Ich erinnere mich noch genau an diesen Tag, den Tag des Erwachens. Ich sollte die Wäsche aus der altersschwachen Maschine nehmen und im Garten aufhängen, als ich sah, dass der Hauswirtschaftsraum im vorderen Anbau des Hauses unter Wasser stand. Ich rief nach Tyler, der in der angrenzenden Küche Erdnussbutterbrote in sich hineinstopfte, und gemeinsam versuchten wir, erste Hilfe zu leisten. Ich wischte und putzte, während Tyler alles daran setzte, den Hauptwasserhahn zu schließen. Vergeblich. Das Wasser sprudelte fröhlich weiter. Also riefen wir im Chor nach Eileen, beziehungsweise nach Mum. Und da sie nicht hörte und unser Chor so seltsam asynchron war, schrie ich schließlich zusammen mit Tyler aus vollem Halse nach Mum, bis sie endlich kam und wir verstummten. Eileen fluchte und fluchte und wirbelte in der Waschküche herum, als Tyler mich so merkwürdig selbstgefällig ansah und mir erklärte: »Du hast ›Mum‹ gesagt. Sie ist nicht deine Mum, du darfst sie nicht so nennen.«

Von da an wusste ich es.

Als ich später in meinem Zimmer saß, fing ich an, einen kleinen Ball an die Wand zu werfen, um ihn gleich darauf wieder aufzufangen. Immer wieder. Stundenlang. So etwas hatte ich vorher nie getan. Nie hätte ich mir erlaubt, Lärm zu machen oder die Wand zu ramponieren. Ich deckte den Tisch nicht zum Abendbrot, ich kam auch nicht zum Essen. Ich räumte nicht ab. Aber niemand fragte nach mir oder ermahnte mich. Sie waren seltsam still. Durch das Haus klang nur das leise, rhythmische Pock Pock Pock meines Balles. Nachts lag ich im Bett und versuchte zu schlafen. Etwas schnürte mir den Hals zu, doch es kamen keine Tränen. Ich glaubte, zu ersticken und blieb dennoch reglos liegen. Erst als es langsam hell wurde, schlief ich ein, und obwohl ein ganz normaler Schultag war, kam niemand, um mich zu wecken.

Ich schlief viele Stunden in den Tag hinein, weit über die Mittagszeit hinaus, wachte müde und zerschlagen auf, wusste für einen Moment nicht, was vor sich gegangen war.
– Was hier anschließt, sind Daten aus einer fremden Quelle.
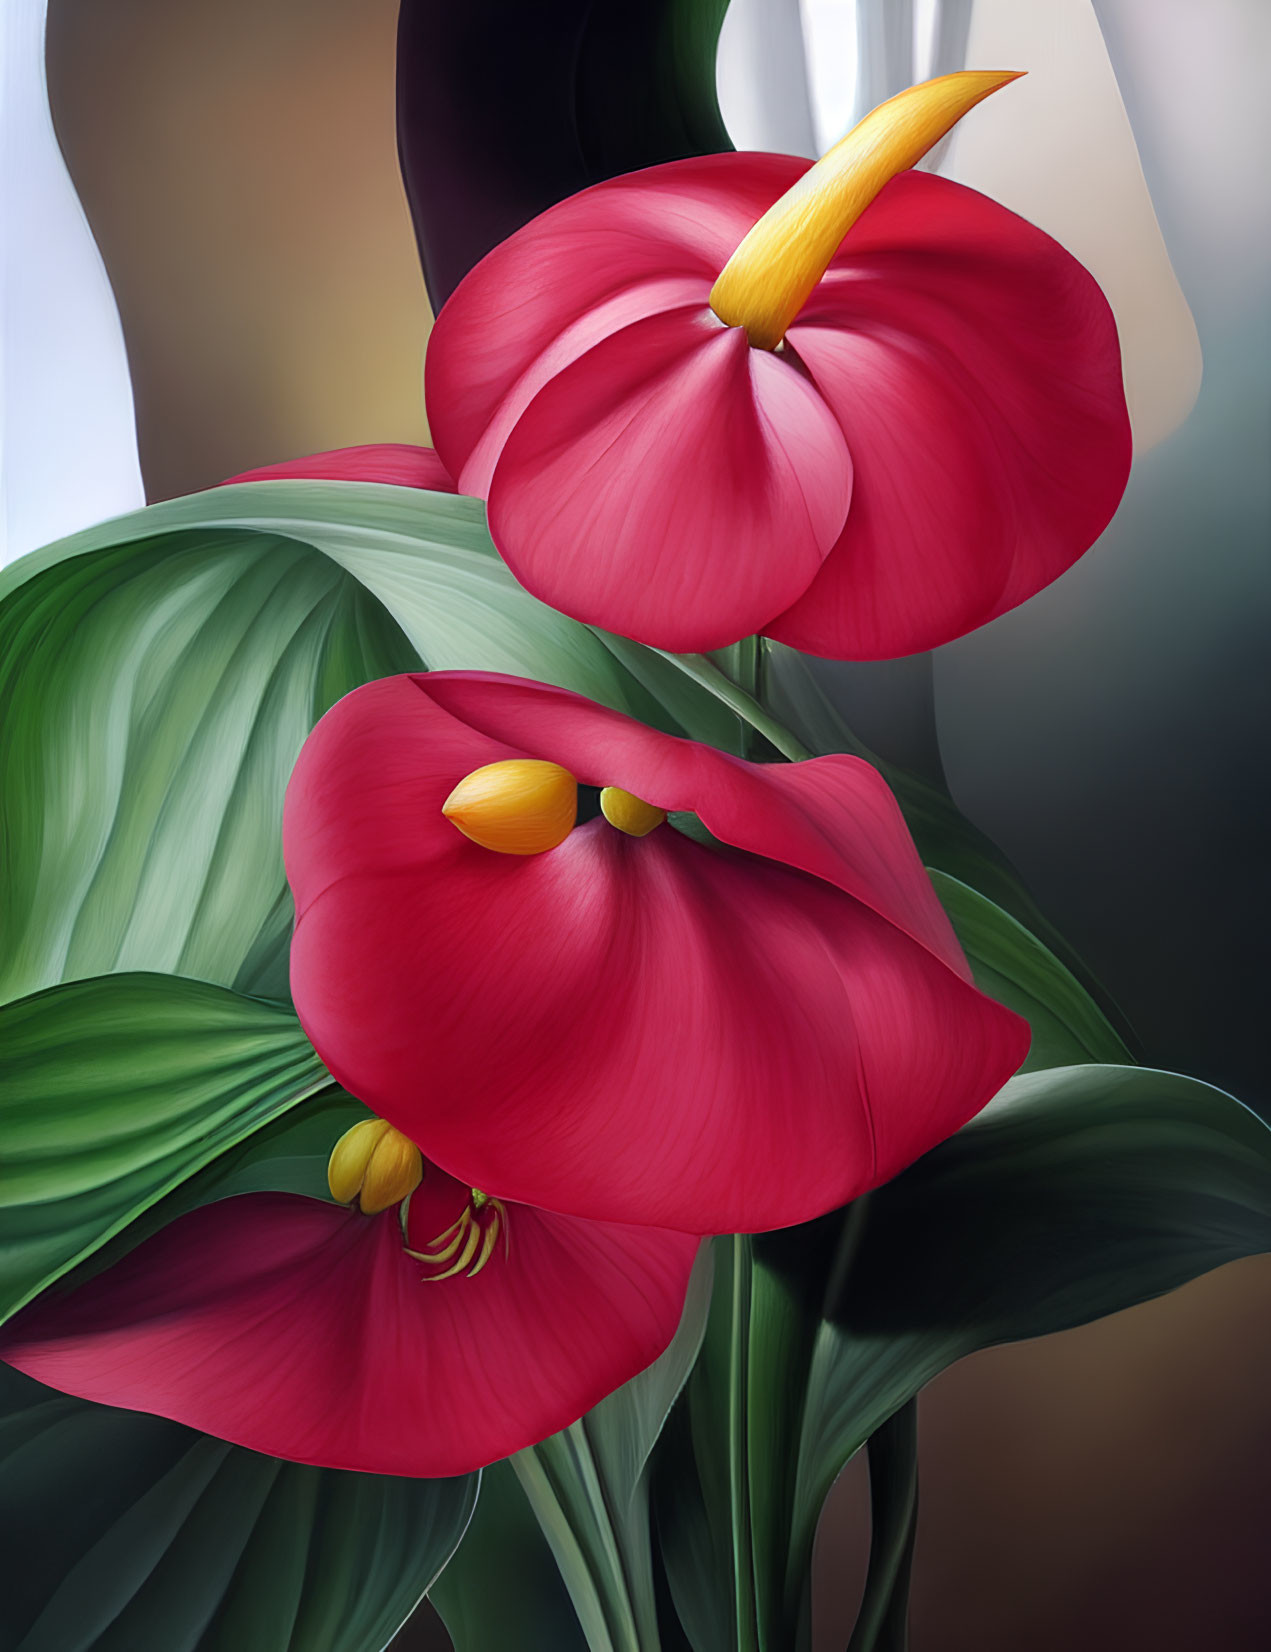 Vibrant red anthurium flowers with green leaves and yellow spadices on soft-focus background

Es war so still… Ich ging in die Küche, ins Wohnzimmer, schaute mich überall um. Niemand war im Haus. Niemand war im Garten. Dann entdeckte ich Eimer und Feudel auf dem oberen Absatz der Kellertreppe, und schlagartig kehrte die Erinnerung zurück … Sie ist nicht deine Mum … Mein Herz begann zu rasen. Tausend Fragen geisterten durch meinen Kopf, bis mir ganz schwindelig wurde. Meine kleine schäbige Welt war ins Wanken geraten. Irgendwann setzte ich mich an den Küchentisch, nahm mir ein paar Cornflakes ohne Milch und wartete auf Eileen.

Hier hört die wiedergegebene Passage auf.